Material shown:
___

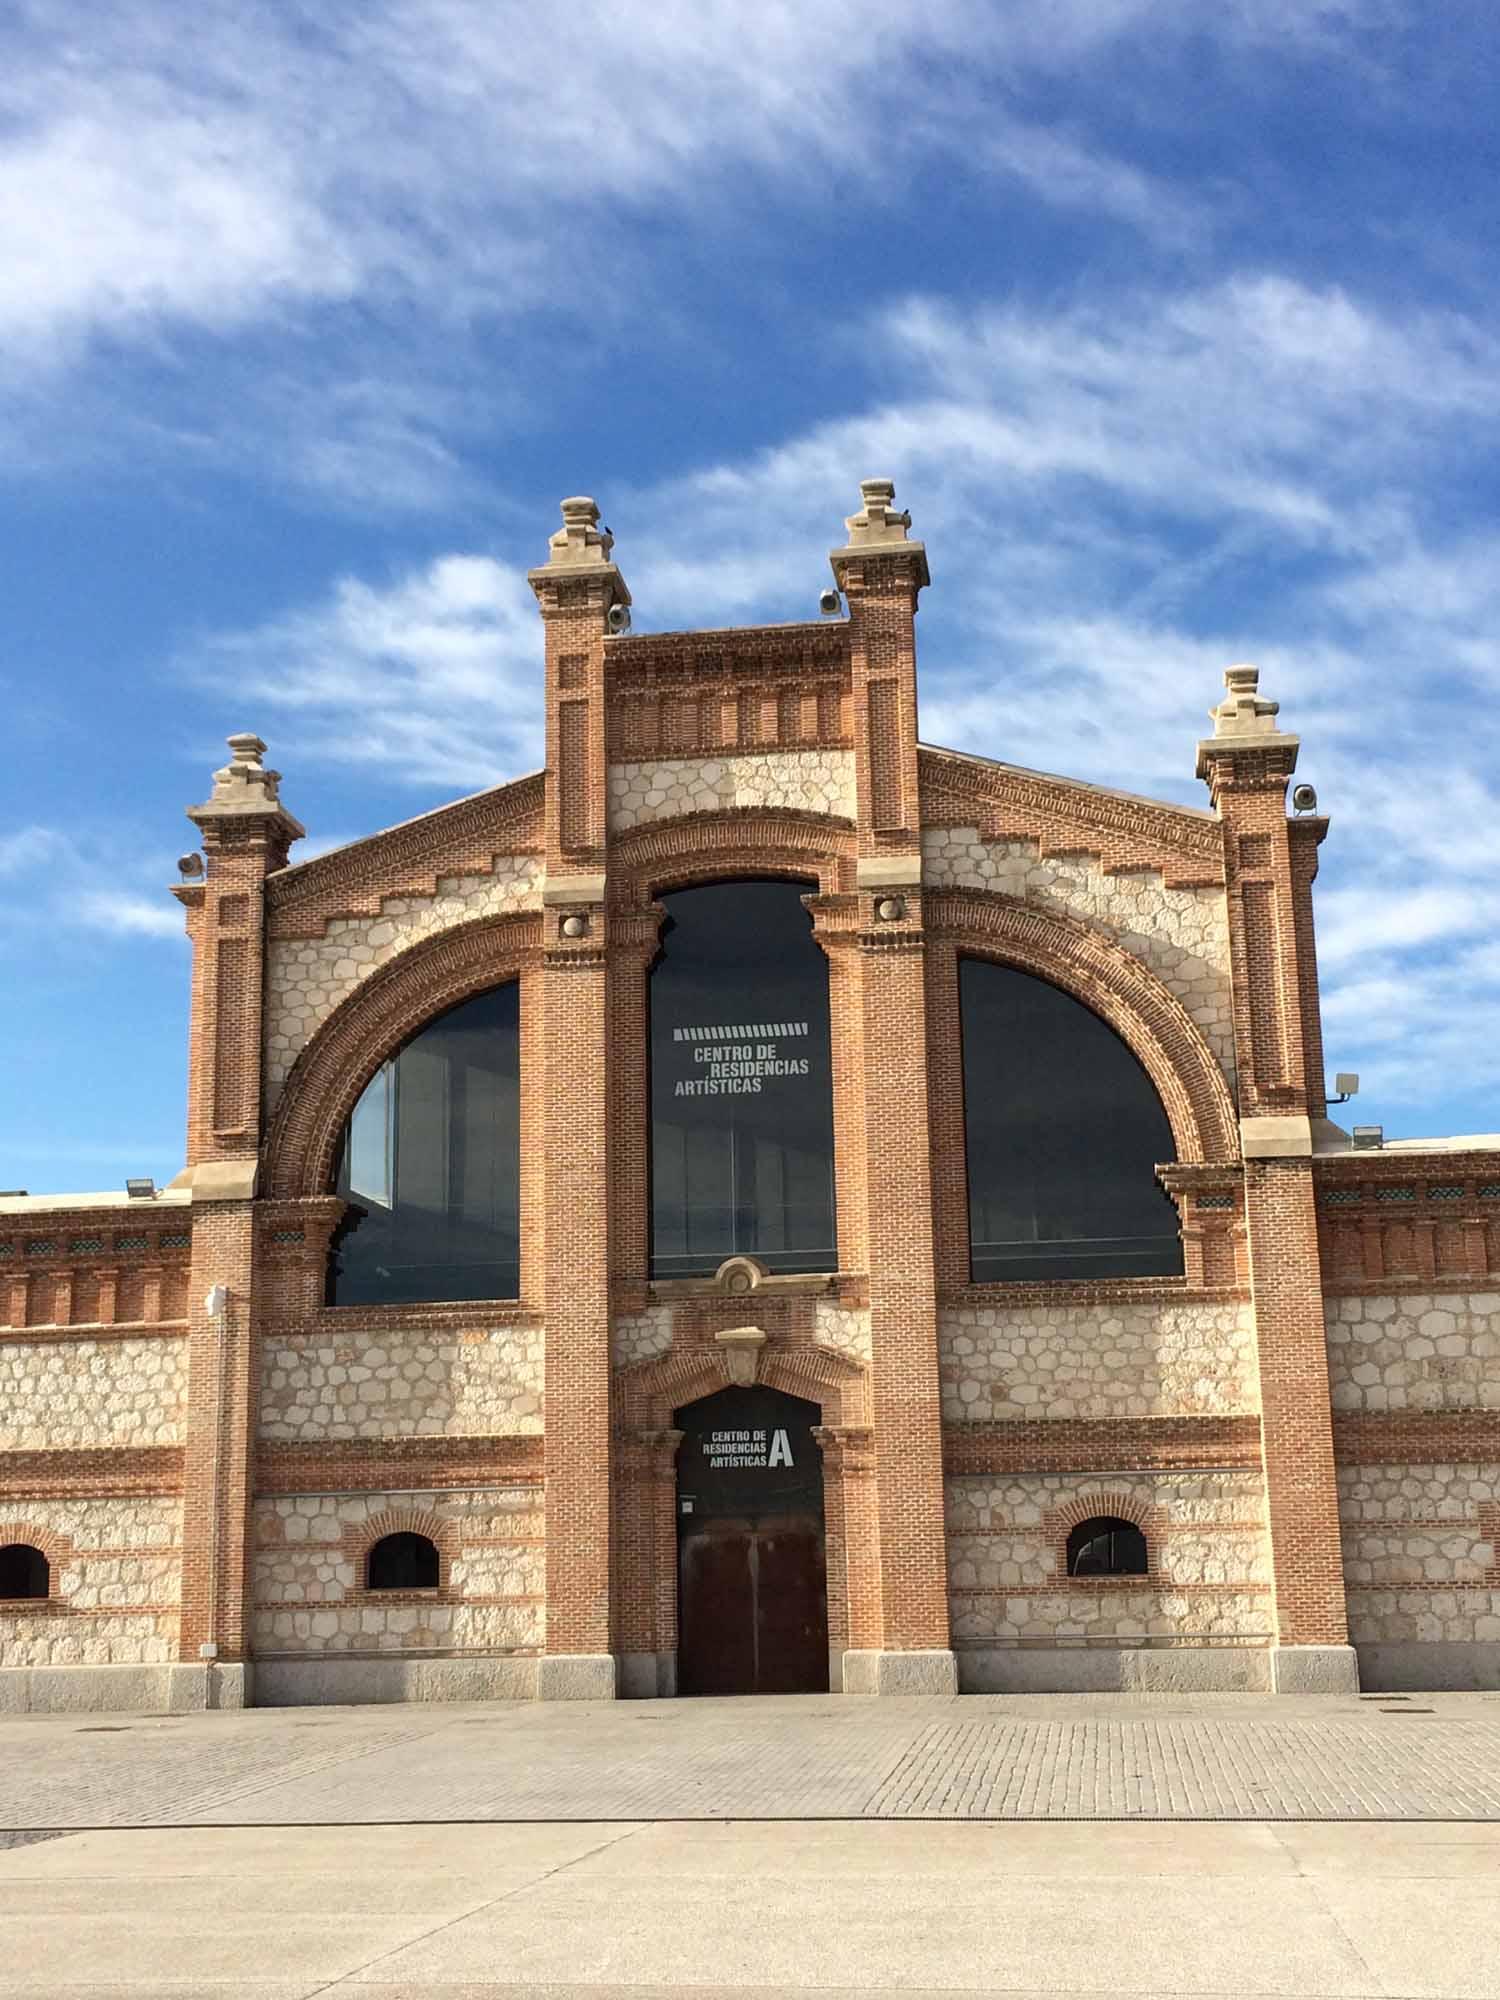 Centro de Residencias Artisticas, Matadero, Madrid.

___

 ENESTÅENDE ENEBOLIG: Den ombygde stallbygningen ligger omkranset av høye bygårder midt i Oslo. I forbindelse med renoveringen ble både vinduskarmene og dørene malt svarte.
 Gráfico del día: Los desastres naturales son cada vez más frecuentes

___

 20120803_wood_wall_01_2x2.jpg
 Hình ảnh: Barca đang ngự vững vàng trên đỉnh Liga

___

Task statement:
All lines above from the one containing "20120803_wood_wall_01_2x2.jpg" to the one containing "Hình ảnh: Barca" must be repeated exactly, both lines included, and no others.

Problem solution:
 20120803_wood_wall_01_2x2.jpg
 Hình ảnh: Barca đang ngự vững vàng trên đỉnh Liga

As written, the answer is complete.